Sometimes it’s nice to combine C++ template metaprogramming with some bit twiddling, here’s a classic parallelized bit counting algorithm with all the magic numbers constructed as part of template instantiation:

#include <stdio.h> #include <stdlib.h> template <typename T, int k, T m> struct A { static T f(T n) { static const int k1 = k/2; n = A<T, k1, m^(m<<k1)>::f(n); return ((n>>k)&m) + (n&m); } }; template <typename T, T m> struct A<T, 0, m> { static T f(T n) { return n; } }; template<typename T> static inline int bitcount (T n) { static const int k = 4 * sizeof(n); return A<T, k, (T(1)<<k)-1>::f(n); } int main(int argc, char *argv[]) { unsigned long n = strtoul(argv[1], NULL, 10); printf("bitcount(%lu) = %d\n", n, bitcount(n)); }

We could extract the magic number construction out as a separate template, and there are some extra optimizations that this code doesn’t do, for example, the level 1 code can be simplified to:

i = i - ((i >> 1) & 0x55555555);

rather than what we get from the above:

i = ((i >> 1)&0x55555555) + (i&0x55555555);

Adding an appropriate partial template instantiation for `A<T,1,m>`

is left as an exercise.

In fact, there are lots of shortcuts that can be made here, we aren’t really being competitive with Bit Twiddling Hacks:

unsigned int v; // count bits set in this (32-bit value) unsigned int c; // store the total here static const int S[] = {1, 2, 4, 8, 16}; // Magic Binary Numbers static const int B[] = {0x55555555, 0x33333333, 0x0F0F0F0F, 0x00FF00FF, 0x0000FFFF}; c = v - ((v >> 1) & B[0]); c = ((c >> S[1]) & B[1]) + (c & B[1]); c = ((c >> S[2]) + c) & B[2]; c = ((c >> S[3]) + c) & B[3]; c = ((c >> S[4]) + c) & B[4];

which would need 3 template specializations and we are starting to get a bit complicated…
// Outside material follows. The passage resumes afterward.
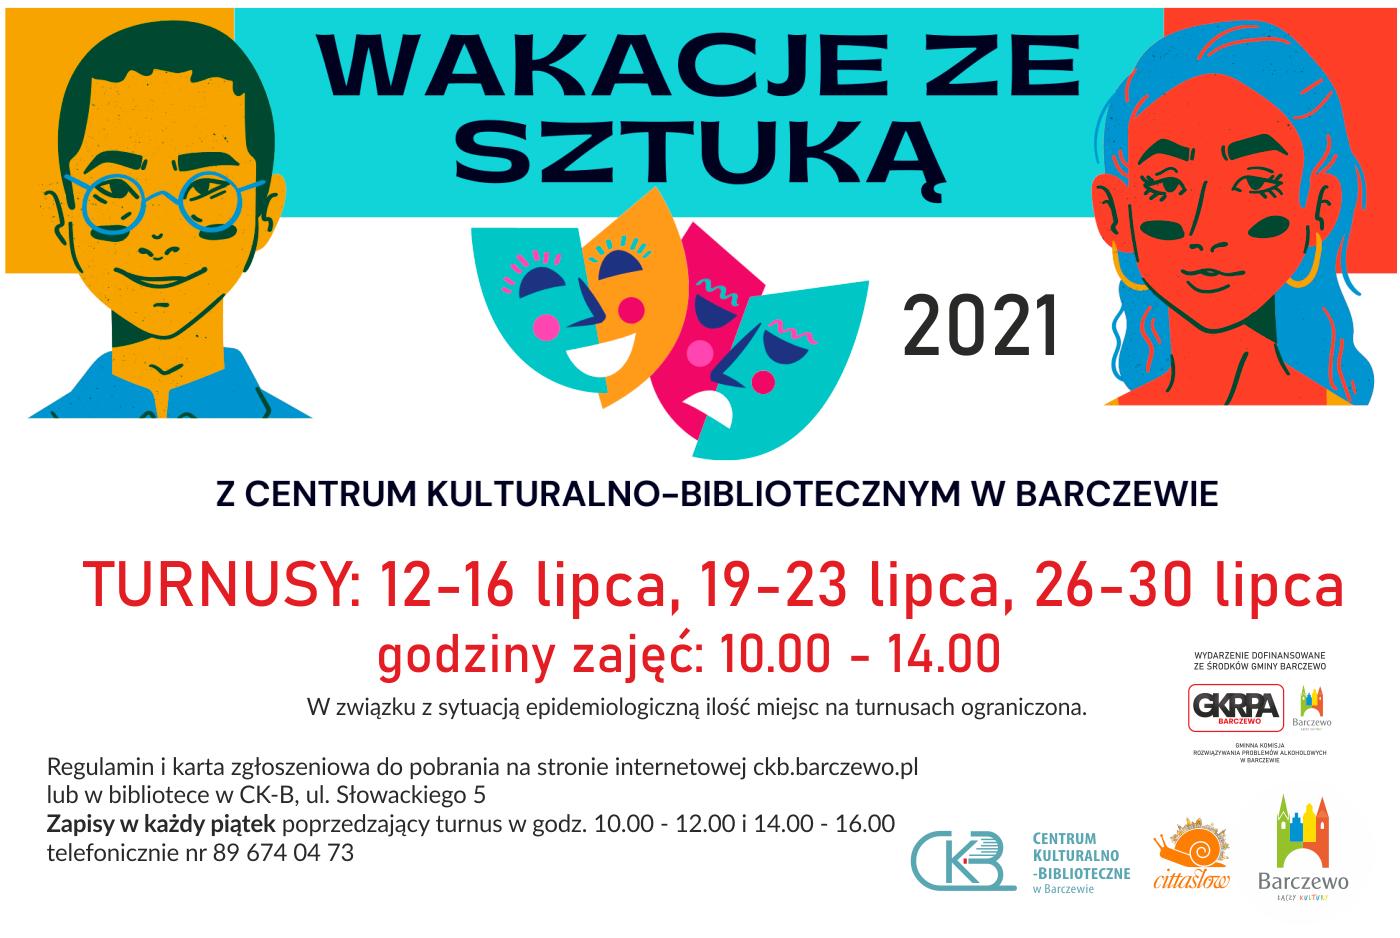 AKCJA LATO 2021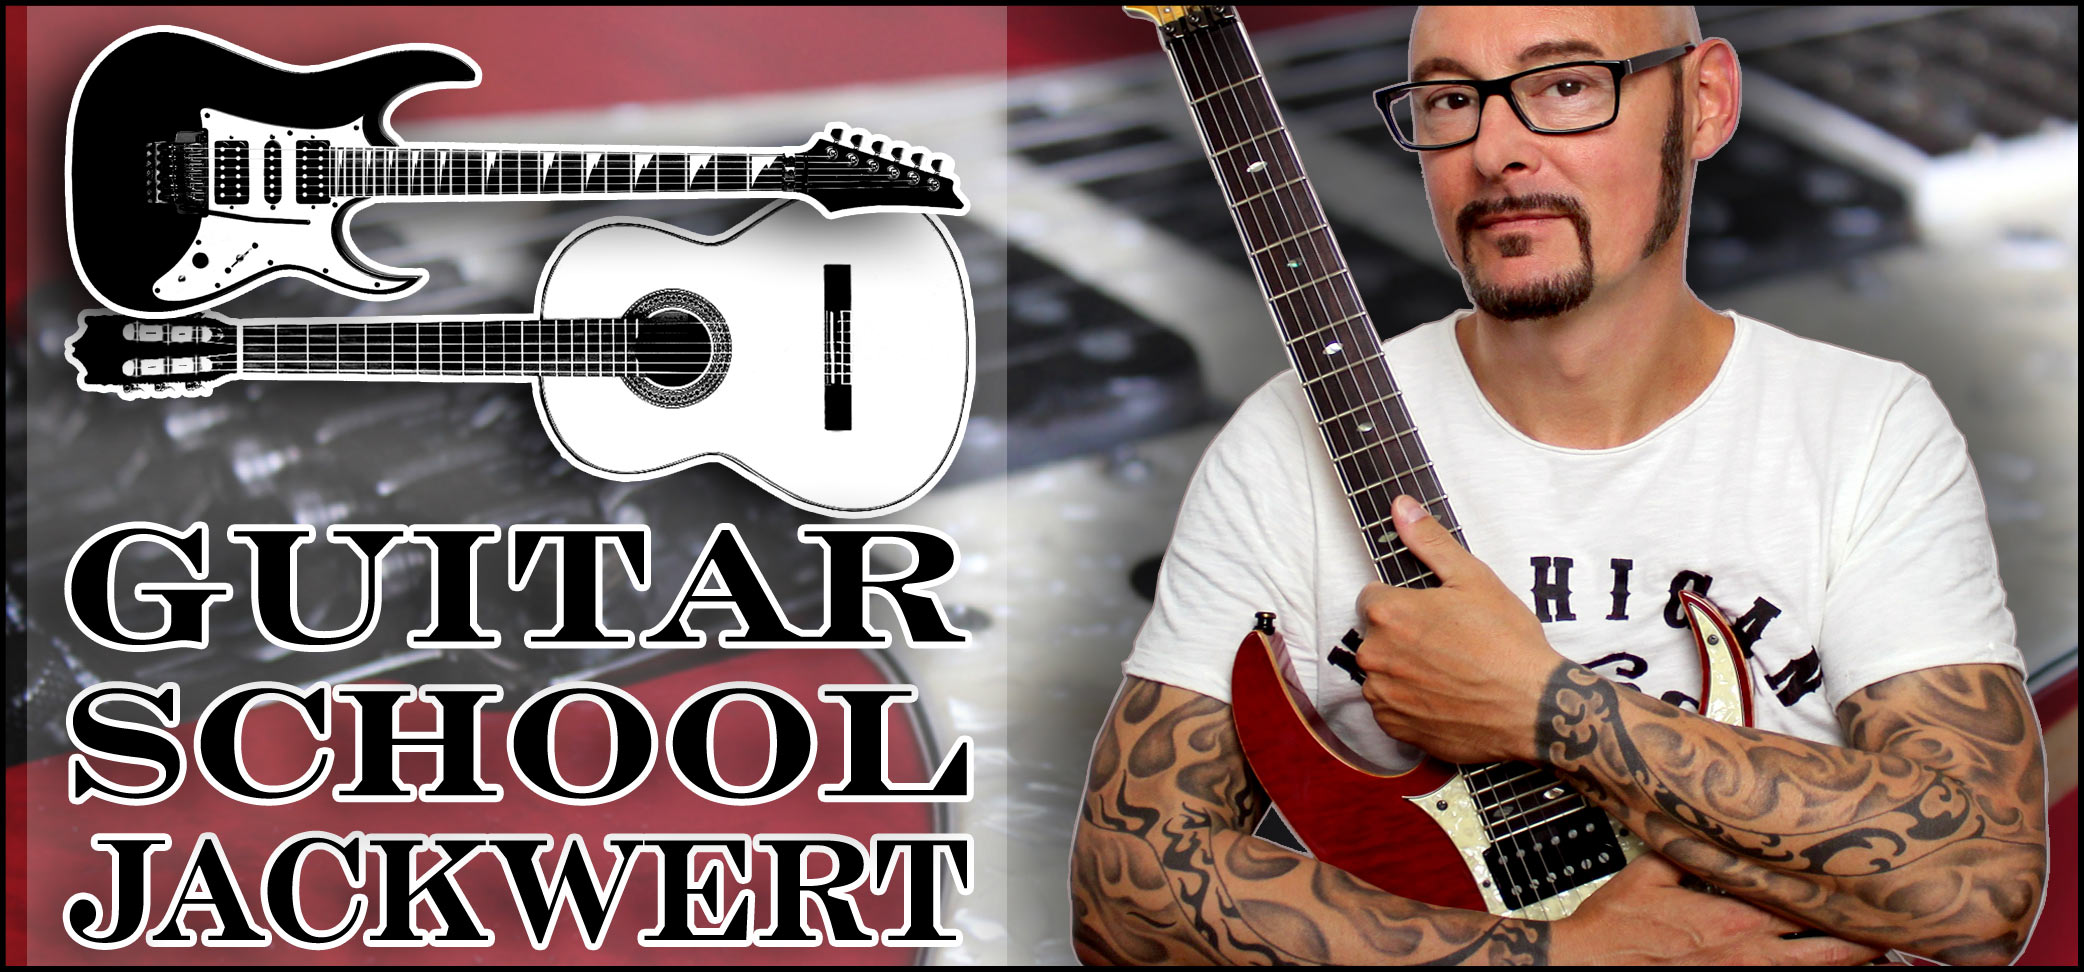 Gitarrist und Gitarrenlehrer Olaf Jackwert

In the same style then, here’s a bit reverse function, with a separate magic number calculating template:

#include <stdio.h> #include <stdlib.h> template <typename T, int k> struct Magic { static const T m = ~T(0)/(T(1)+(T(1)<<k)); }; template <typename T, int k> struct RevAux { static inline T f(T n) { T n1 = RevAux<T,k/2>::f(n); return ((n1>>k) & Magic<T,k>::m) | ((n1 & Magic<T,k>::m)<<k); } }; template <typename T> struct RevAux<T,0> { static inline T f(T n) { return n; } }; template <typename T> T rev(T n) { return RevAux<T,4*sizeof(T)>::f(n); } int main(int argc, char *argv[]) { unsigned long n = strtoul(argv[1],NULL,16); printf("%lx %lx\n", n, rev(n)); }

Now, how do we check that the template parameter T is unsigned (otherwise the right shifts are probably going to go wrong)…

A simple optimization is to replace the top level function with:

template <typename T> static inline T rev(T n) { static const int k = 4*sizeof(T); n = RevAux<T,k/2>::f(n); return (n>>k)|(n<<k); }

but GCC seems to have worked that out for itself (compiling gcc 4.4.3 , -O3 -S):

.globl _Z7reversej pushl %ebp movl %esp, %ebp movl 8(%ebp), %eax popl %ebp movl %eax, %edx andl $1431655765, %edx shrl %eax addl %edx, %edx andl $1431655765, %eax orl %eax, %edx movl %edx, %eax andl $858993459, %eax shrl $2, %edx andl $858993459, %edx sall $2, %eax orl %edx, %eax movl %eax, %edx andl $252645135, %edx shrl $4, %eax andl $252645135, %eax sall $4, %edx orl %eax, %edx movl %edx, %eax andl $16711935, %eax shrl $8, %edx sall $8, %eax andl $16711935, %edx orl %edx, %eax rorl $16, %eax ret

This sort of thing isn’t going to work very well if the compiler isn’t up to scratch, but GCC seems to have done it right here.

There are slightly faster ways to reverse bits using ternary swap (swap top and bottom thirds, recurse), but they need to be more ad hoc unless you have a ternary computer with word length a power of 3, so less amenable to this sort of generic treatment (or at least, it becomes a lot harder).